Feature selection methods can be classified into three groups: supervised [30], [31], unsupervised [32], [33] and semi-supervised [34], [35] approaches, depending on the nature of the training set. Each method addresses the challenges posed by labeled and unlabeled datasets, offering tailored solutions for optimizing feature subsets on the basis of available information. There are three main categories in supervised feature selection approaches: filter models, wrapper models and embedded models. Filter-based approaches evaluate the value of each feature regardless of the performance of a specific machine learning algorithm, yielding the bias of a learning algorithm not interacting with the bias of a feature selection algorithm [36], [37], [38]. The wrapper model evaluates the quality of selected features, based on the predictive accuracy of a predefined learning algorithm [39]. However, the use of these methods becomes impractical when dealing with datasets containing a large number of features, due to their high computational costs.
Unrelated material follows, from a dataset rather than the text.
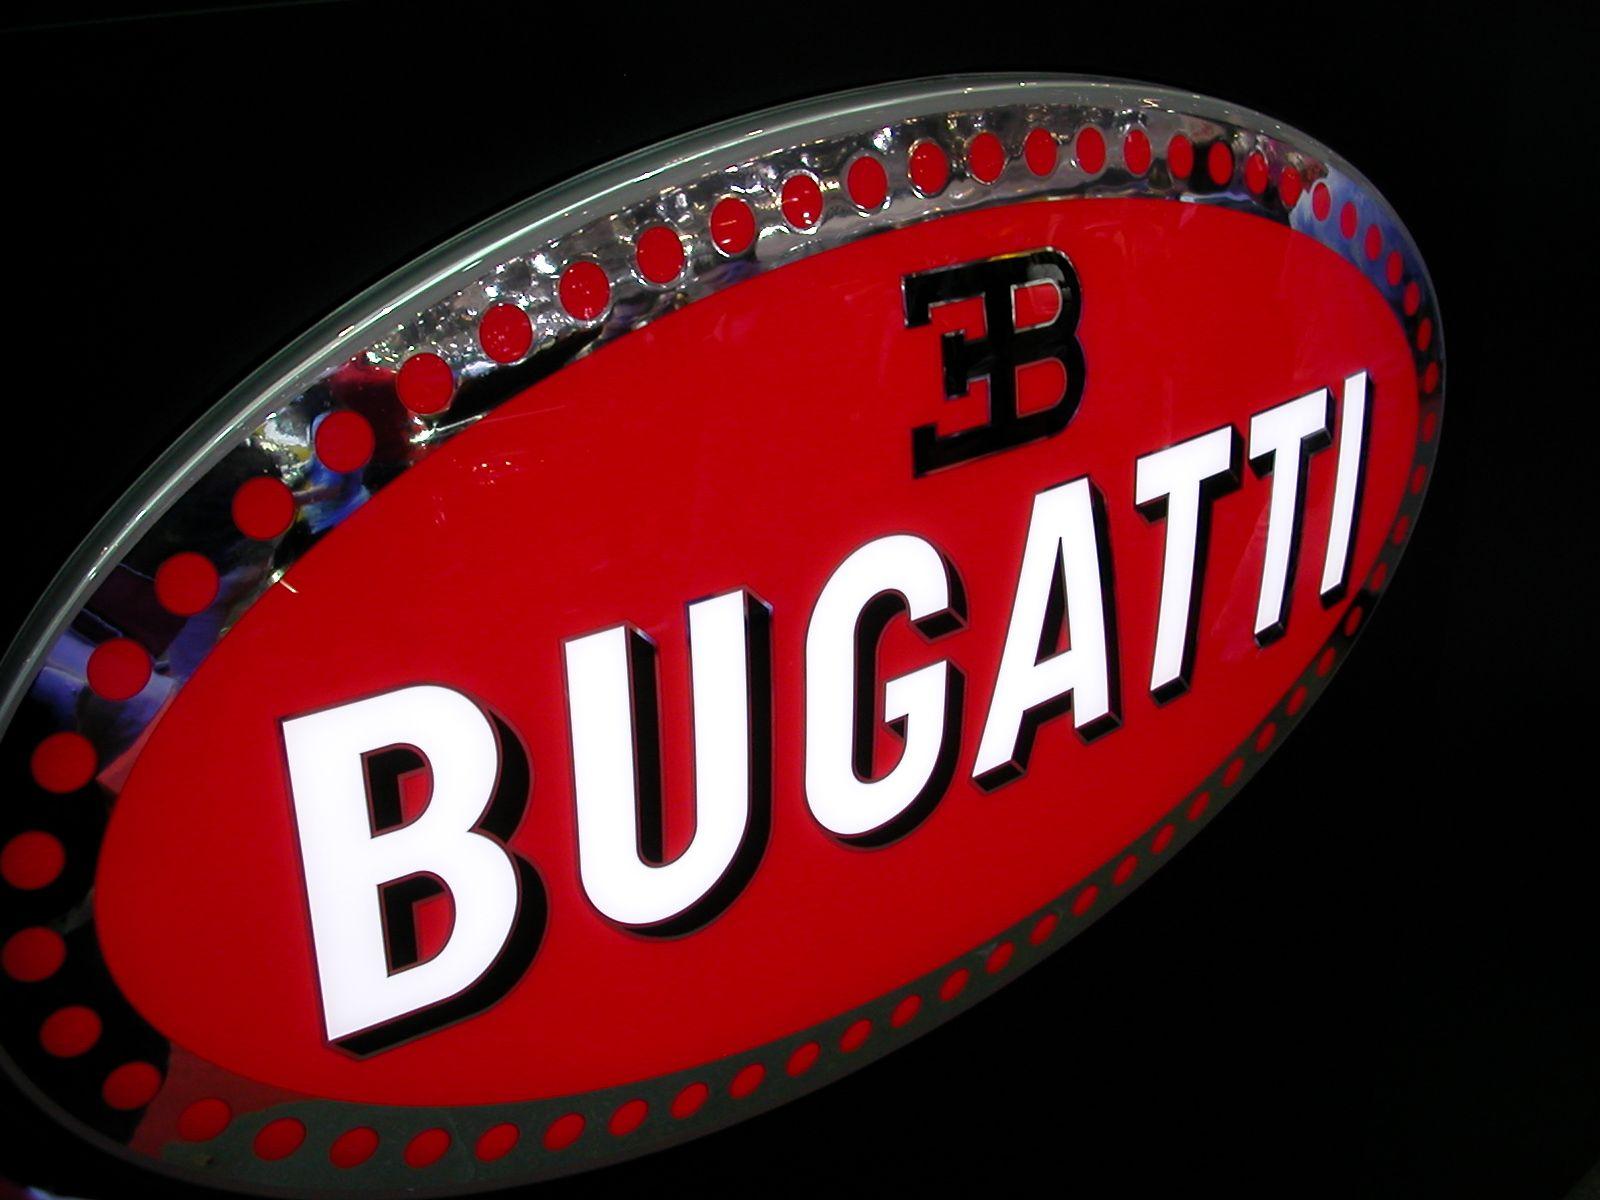 3B Car Logo - Bugatti Logo, Bugatti Car Symbol Meaning and History | Car Brand ...

Embedded models incorporate feature selection within the learning algorithm itself [10], [37], [40], [41].

We have used two supervised feature selection methods, namely the Kolmogorov–Smirnov (KS) test which is a filter model and Boruta feature selection which is a wrapper model, as well as three unsupervised methods which are filters on the variance of the features. The KS test is a statistical test used to determine whether two distributions differ significantly from each other. It compares the cumulative distribution functions of the two samples and assesses the probability that they come from the same underlying distribution. We used this test to identify the features with the most significant difference between the two classes of samples (e.g., diseased vs healthy). Boruta is a feature selection method based on Random Forest classification [42], [43]. It aims to identify and retain only the most relevant variables while iteratively eliminating less pertinent features through statistical analysis.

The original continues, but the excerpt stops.